Wer kennt heute noch Briefgrüße oder Ahornnasen? Doch auch der Nichteingehweihte wird diese beiden Verse einer fast schon vergessenen Autorin mit Wehmut lesen.

          2 Min.

          Ein Gedicht? Nun ja. Man wagt sie kaum so zu nennen, diese beiden Verse, die davon berichten, dass es eigentlich nichts zu berichten gibt, sich dabei auf eine Form, den Brief, beziehen, die ebenfalls am Verschwinden ist, wie diese Ahornnasen, die man heute erst erklären sollte. Es sind die aufgebrochenen Blütenblätter der Ahornbäume, deren gebogene Flügel, in der Form eines Bumerangs, sich wie zwei kleine Propeller auf dem Nasenrücken ankleben lassen. Mir sind diese Zeilen über die Jahrzehnte hinweg in Erinnerung geblieben, allerdings als „Urlaubsgrüße“. Denn sie beschreiben exakt meine Kindheitserfahrungen in der damals noch so genannten Sommerfrische, vierzehn Tage mit der Oma, vierzehn Tage mit den Eltern. Waldwanderungen, kaum andere Kinder. Nur Nieselregen. Vier Wochen nichts los. Tatsächlich aber heißt das Gedicht „Briefschreibenmüssen“. Ich musste zwar nur Postkarten schreiben, den Text Christa Reinigs hätte ich trotzdem übernehmen können.

          Erstmals las ich die Verse in dem schmalen Bändchen „gedichte“, das 1963 bei S. Fischer erschienen war, gerade mal 53 Seiten umfassend. In dem Buch steckt seitdem ein Zeitungsausschnitt aus der F.A.Z. vom 24. Dezember 1963: „,Geheimtip‘ Christa Reinig. Die Ost-Berlinerin bekam den Bremer Literaturpreis“. Verfasser des Artikels: Horst Bienek. Nach der Preisverleihung, zu der sie eine Ausreisegenehmigung erhielt (für vier Tage), blieb sie im Westen.
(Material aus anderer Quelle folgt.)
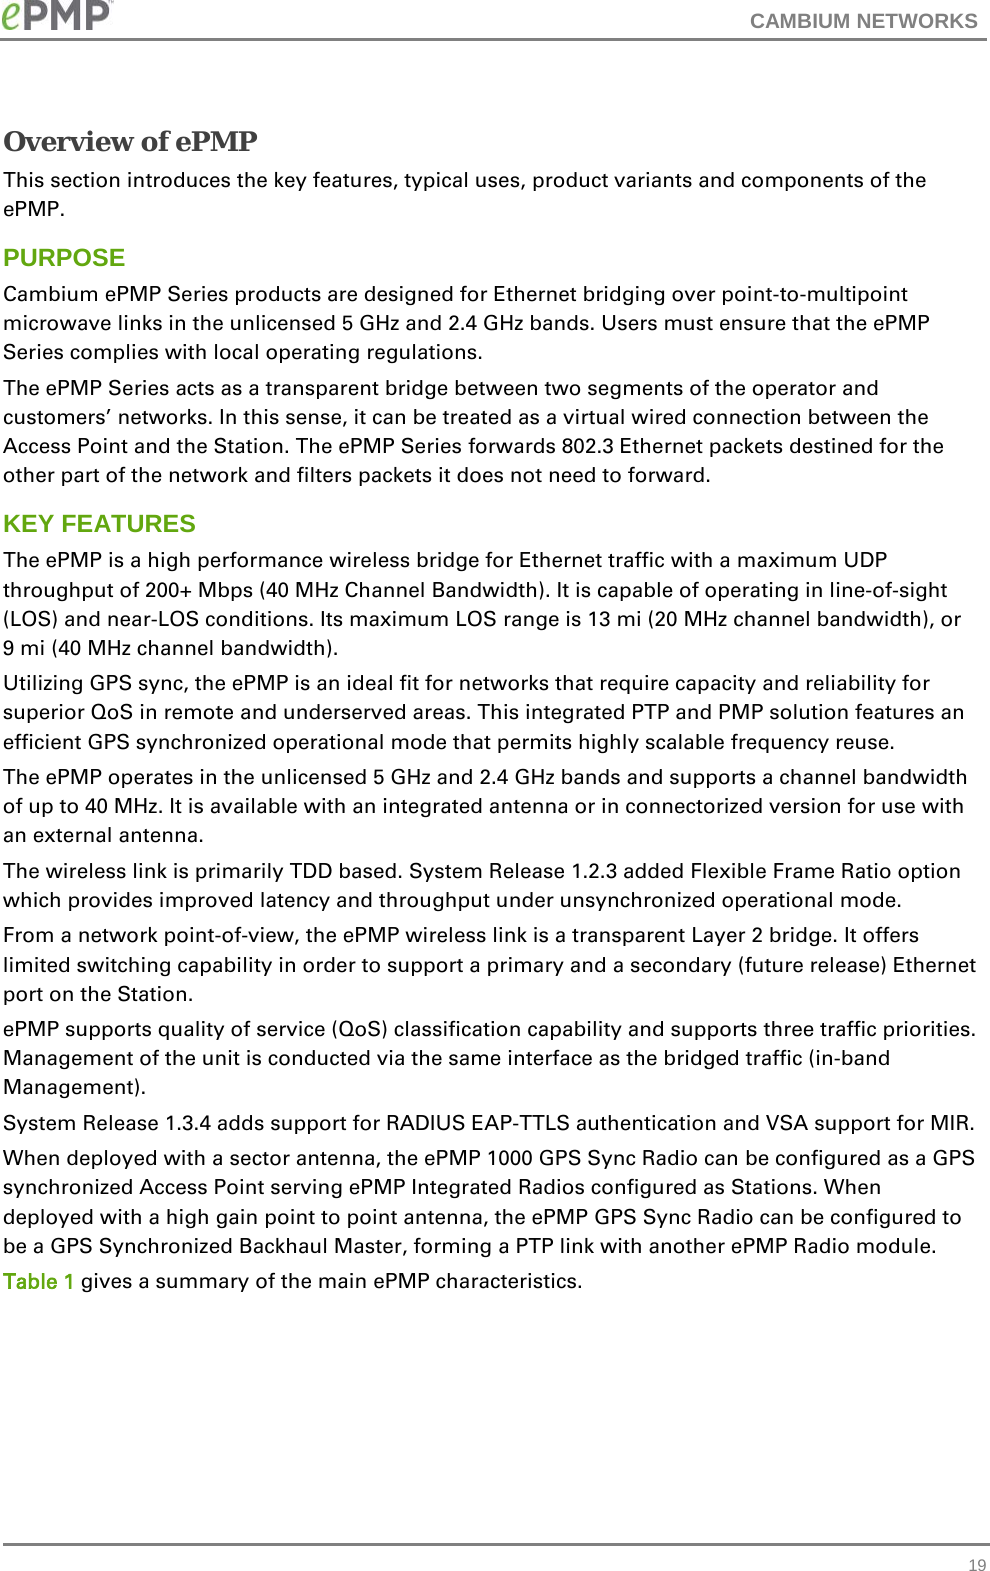 CAMBIUM NETWORKS  Overview of ePMP This section introduces the key features, typical uses, product variants and components of the ePMP. PURPOSE Cambium ePMP Series products are designed for Ethernet bridging over point-to-multipoint microwave links in the unlicensed 5 GHz and 2.4 GHz bands. Users must ensure that the ePMP Series complies with local operating regulations. The ePMP Series acts as a transparent bridge between two segments of the operator and customers’ networks. In this sense, it can be treated as a virtual wired connection between the Access Point and the Station. The ePMP Series forwards 802.3 Ethernet packets destined for the other part of the network and filters packets it does not need to forward.  KEY FEATURES The ePMP is a high performance wireless bridge for Ethernet traffic with a maximum UDP throughput of 200+ Mbps (40 MHz Channel Bandwidth). It is capable of operating in line-of-sight (LOS) and near-LOS conditions. Its maximum LOS range is 13 mi (20 MHz channel bandwidth), or 9 mi (40 MHz channel bandwidth). Utilizing GPS sync, the ePMP is an ideal fit for networks that require capacity and reliability for superior QoS in remote and underserved areas. This integrated PTP and PMP solution features an efficient GPS synchronized operational mode that permits highly scalable frequency reuse. The ePMP operates in the unlicensed 5 GHz and 2.4 GHz bands and supports a channel bandwidth of up to 40 MHz. It is available with an integrated antenna or in connectorized version for use with an external antenna. The wireless link is primarily TDD based. System Release 1.2.3 added Flexible Frame Ratio option which provides improved latency and throughput under unsynchronized operational mode.  From a network point-of-view, the ePMP wireless link is a transparent Layer 2 bridge. It offers limited switching capability in order to support a primary and a secondary (future release) Ethernet port on the Station. ePMP supports quality of service (QoS) classification capability and supports three traffic priorities. Management of the unit is conducted via the same interface as the bridged traffic (in-band Management). System Release 1.3.4 adds support for RADIUS EAP-TTLS authentication and VSA support for MIR.  When deployed with a sector antenna, the ePMP 1000 GPS Sync Radio can be configured as a GPS synchronized Access Point serving ePMP Integrated Radios configured as Stations. When deployed with a high gain point to point antenna, the ePMP GPS Sync Radio can be configured to be a GPS Synchronized Backhaul Master, forming a PTP link with another ePMP Radio module. Table 1 gives a summary of the main ePMP characteristics.  19

Bienek, der 1990 verstorbene Schriftstellerkollege, trommelte auch in den folgenden Jahren kräftig für diese Dichterin. Doch sie blieb ein Geheimtipp und war bei ihrem Tod, 2008, bereits wieder vergessen.

          Amalgam aus Trotz und Anarchismus

          Im Jahr 1926 in Berlin geboren, wuchs sie in ärmlichen Verhältnissen in einem Arbeiterviertel auf. Dieser Herkunft verdankt sie schnoddrigen Tonfall, wie er zum Beispiel auch Katja Lange-Müller auszeichnet. Christa Reinig begann eine Lehre als Blumenbinderin, studierte dann Kunstgeschichte und Archäologie und war schließlich im Märkischen Museum als Kustodin untergekommen. Bereits 1952, im allerersten Heft der „Akzente“, erschien ihre „ballade vom blutigen Bomme“. Vom Titelhelden dieser Ballade heißt es, dass er auf dem Weg zum Galgen zwar nicht „beten/lieber schnell aufs klo austreten“ wollte, „doch dann denkt er: einerlei/das geht sowieso vorbei/von zwei peinlichen verfahren/kann er eins am andern sparen“.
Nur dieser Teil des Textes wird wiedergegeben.